2. Homework Equations

I get the minimal polynomial to be [itex] f(x): x^4 -4x^2 + 2[/itex] and the four roots of [itex] f(x)[/itex] are [itex] \sqrt{2 + \sqrt{2}} , -\sqrt{2 + \sqrt{2}}, \sqrt{2 - \sqrt{2}}, -\sqrt{2 - \sqrt{2}} [/itex]

I'm told [itex]K:Q[/itex] is normal

3. The Attempt at a Solution

I get the order of [itex]Gal (K:Q)[/itex] to be 4 with

[itex] Gal (K:Q) = \{ Id, \sigma, \tau, \sigma \tau \} [/itex] where

[itex] \sigma(\sqrt{2 + \sqrt{2}} ) \rightarrow -\sqrt{2 + \sqrt{2}} [/itex]

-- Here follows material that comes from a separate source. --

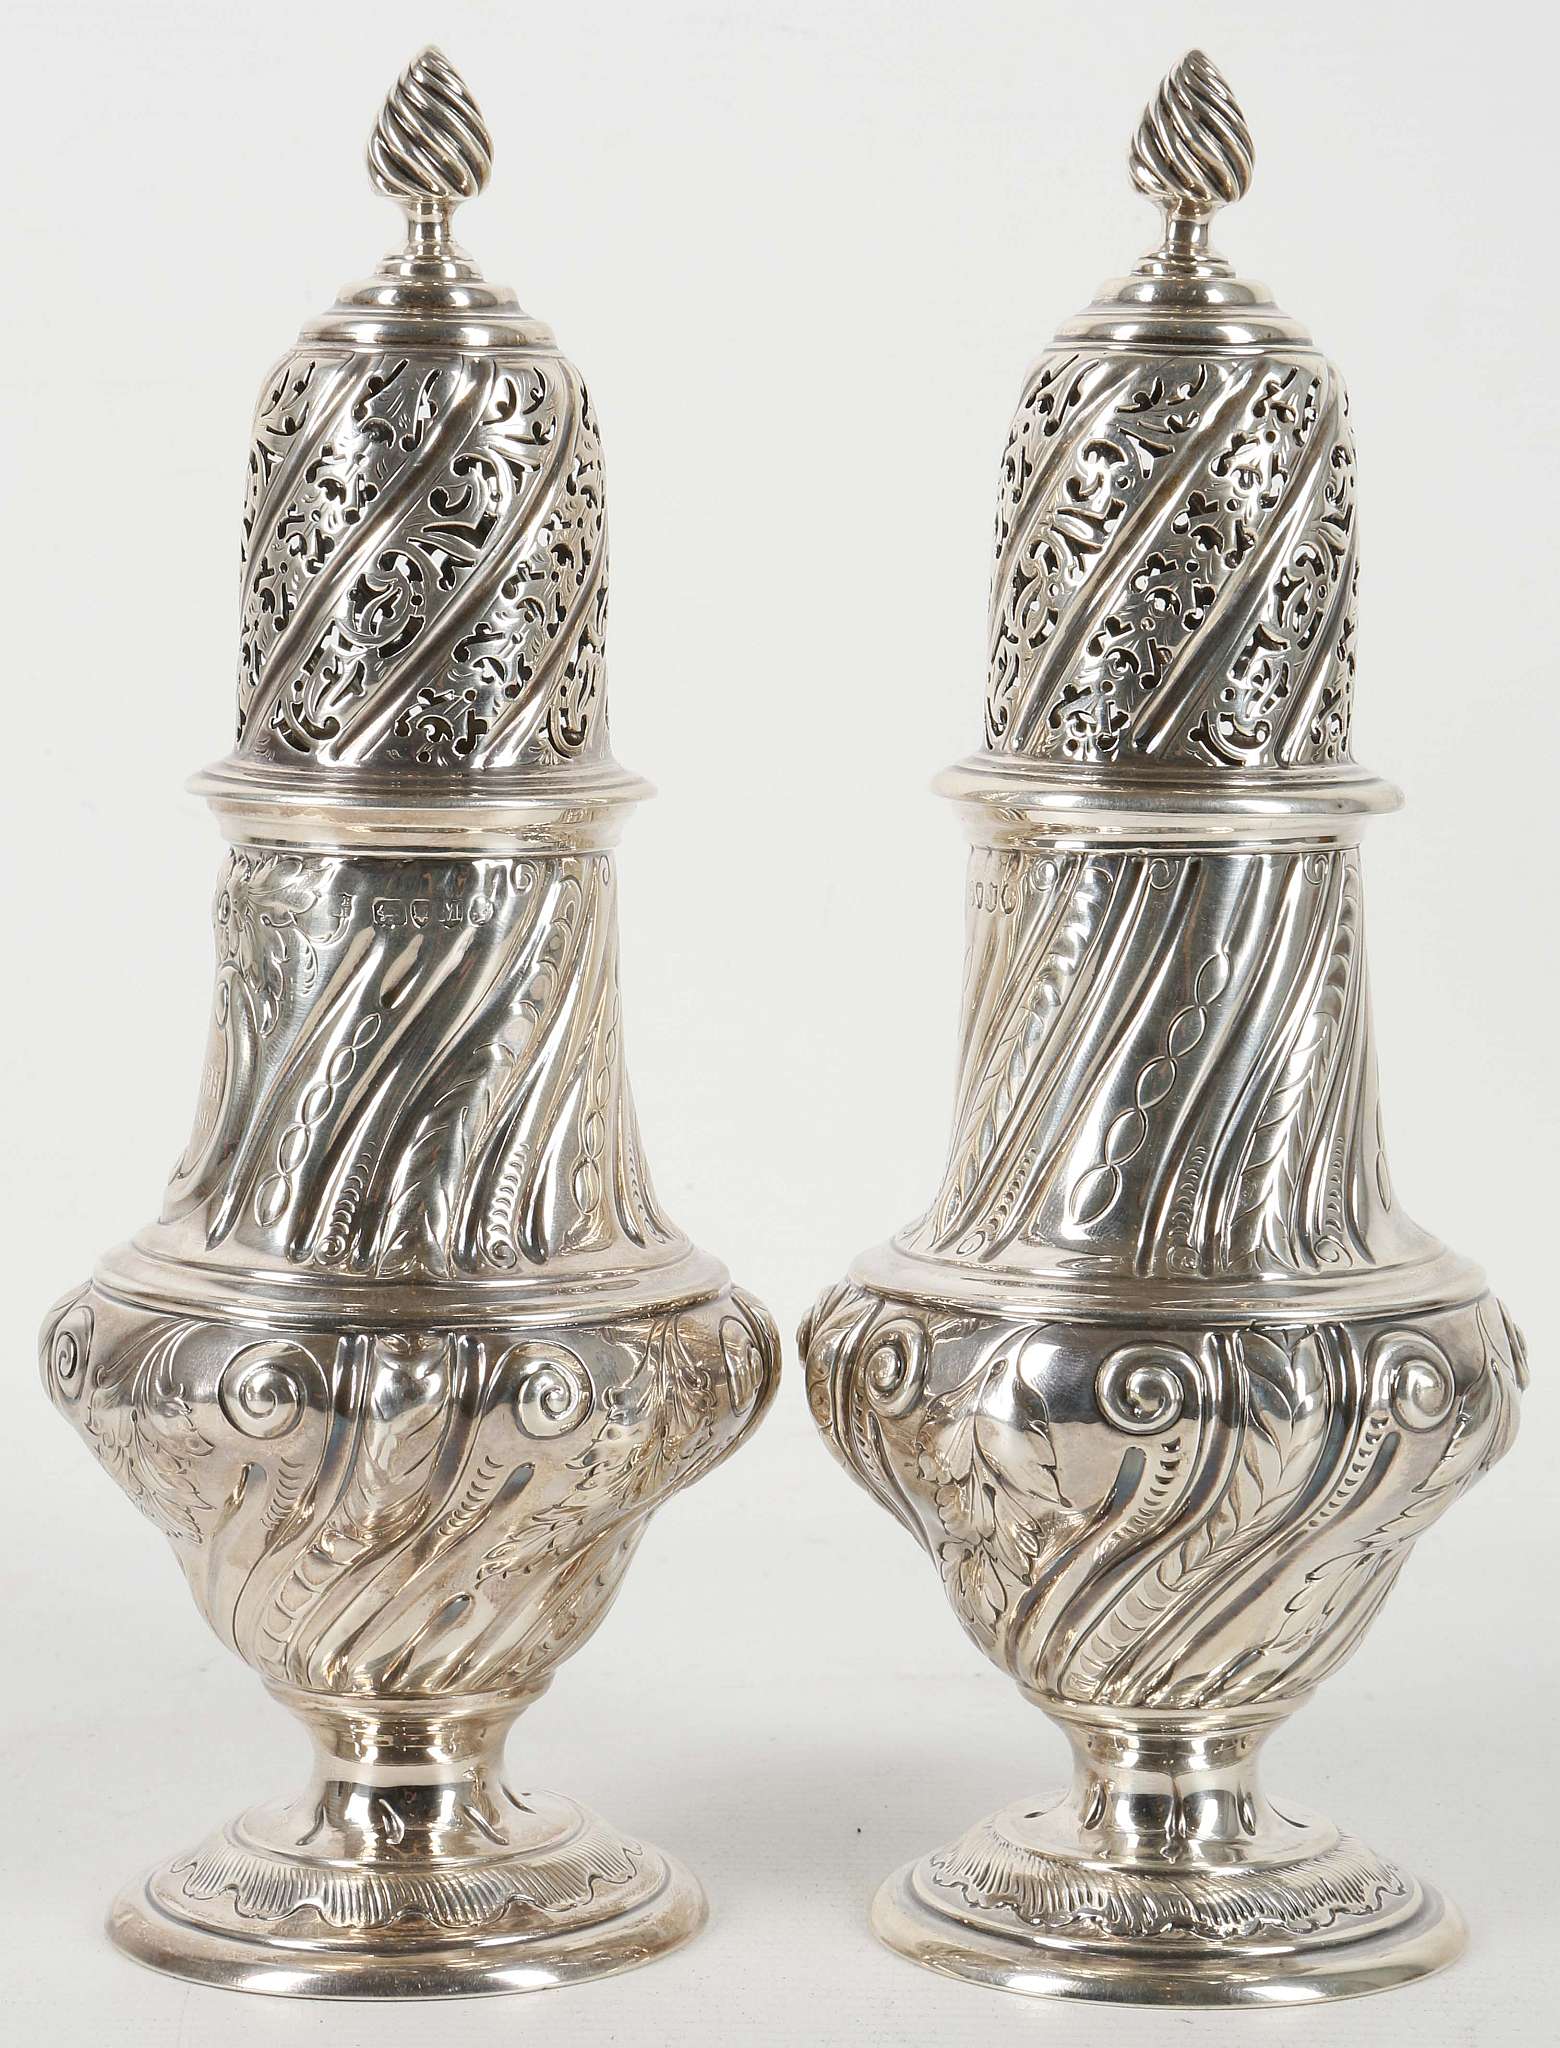 A pair of 1887 hallmarked silver sugar castors, Thomas Bradbury & Sons, London
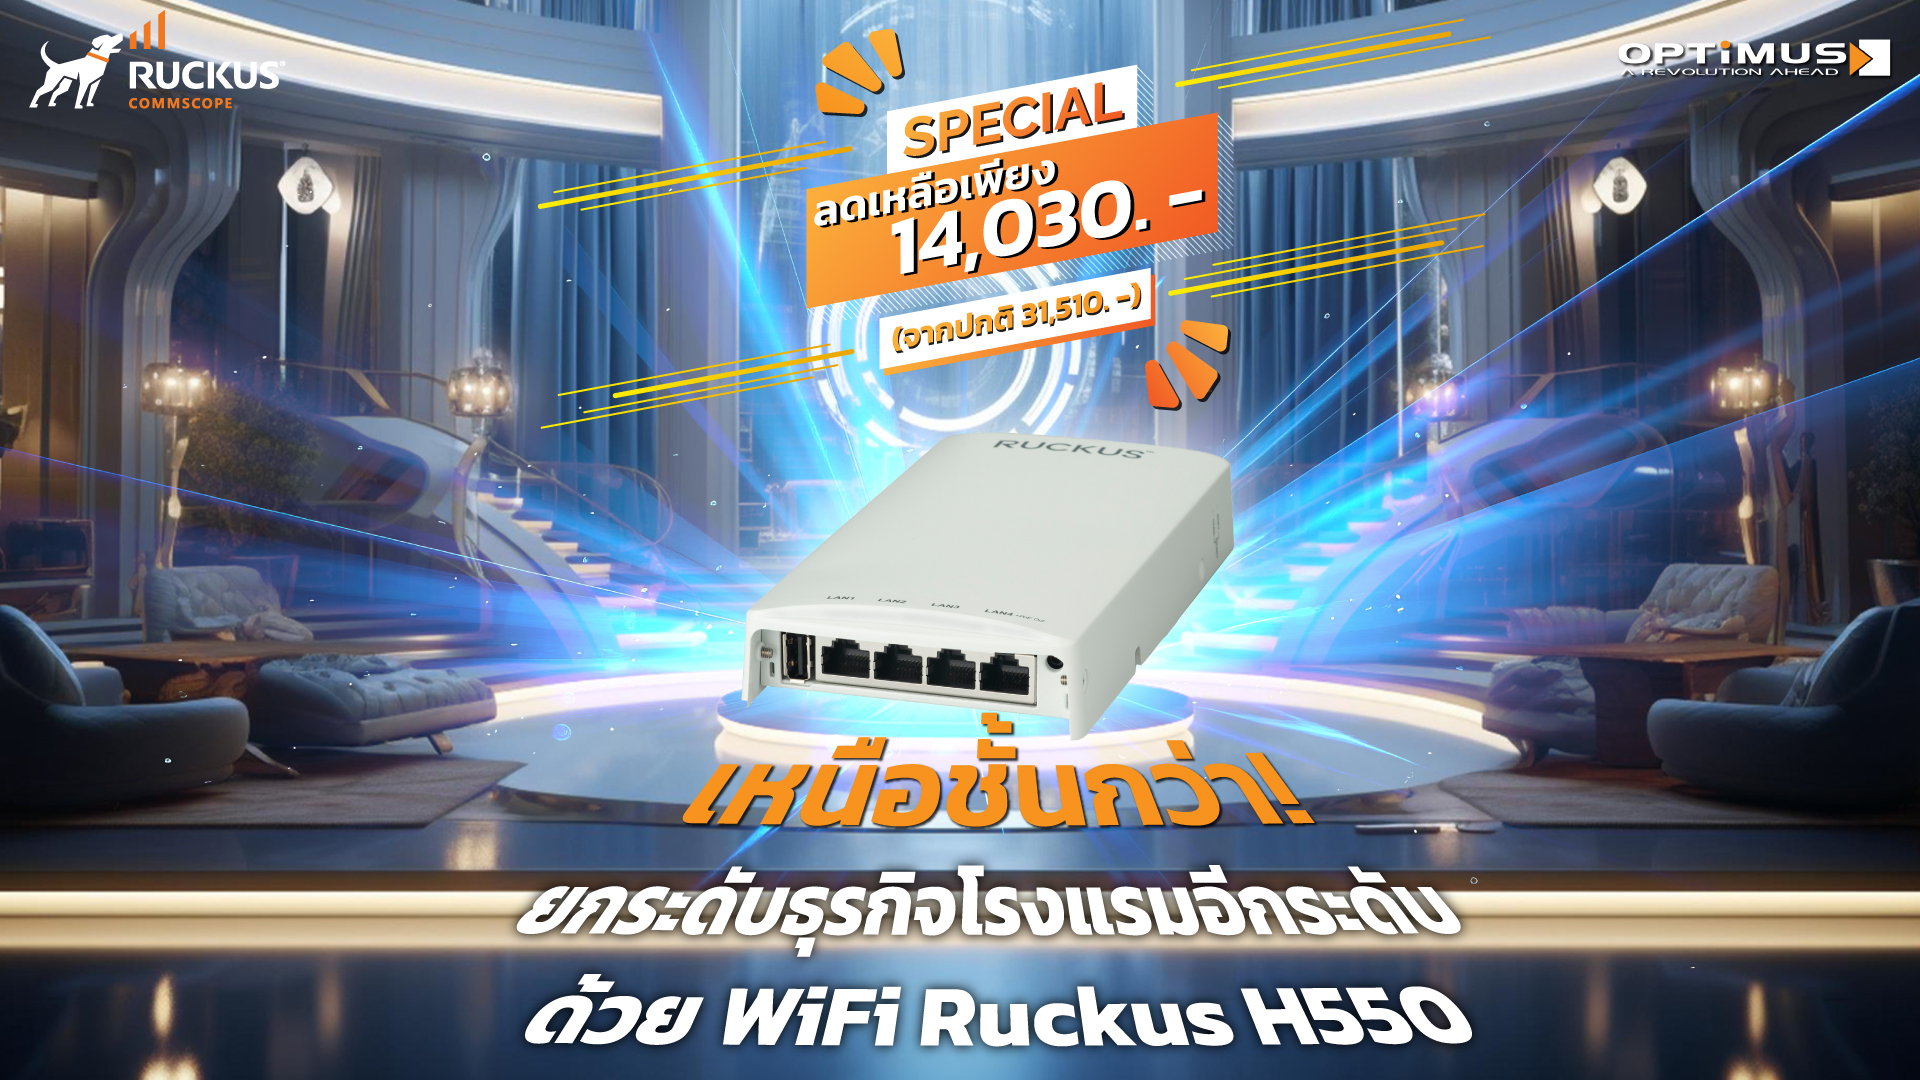 Ruckus H550

[itex] \tau(\sqrt{2 + \sqrt{2}} ) \rightarrow \sqrt{2 - \sqrt{2}} [/itex]

and

[itex]\sigma \tau (\sqrt{2 + \sqrt{2}} ) \rightarrow -\sqrt{2 - \sqrt{2}} [/itex]

I get stuck with the 2nd part though. I get the proper subgroups [itex] \{Id, \sigma \} \{Id, \tau\} \{ Id, \sigma \tau \} [/itex] but I don't see how to find the corresponding subfields.

Through the Galois correspondence, there's a bijective map between the subfields of K and the subgroups of [itex] Gal(K:Q)[/itex]. So there'd have to be 3 different subfields. I know these fields have to be generated by the fixed points for each map.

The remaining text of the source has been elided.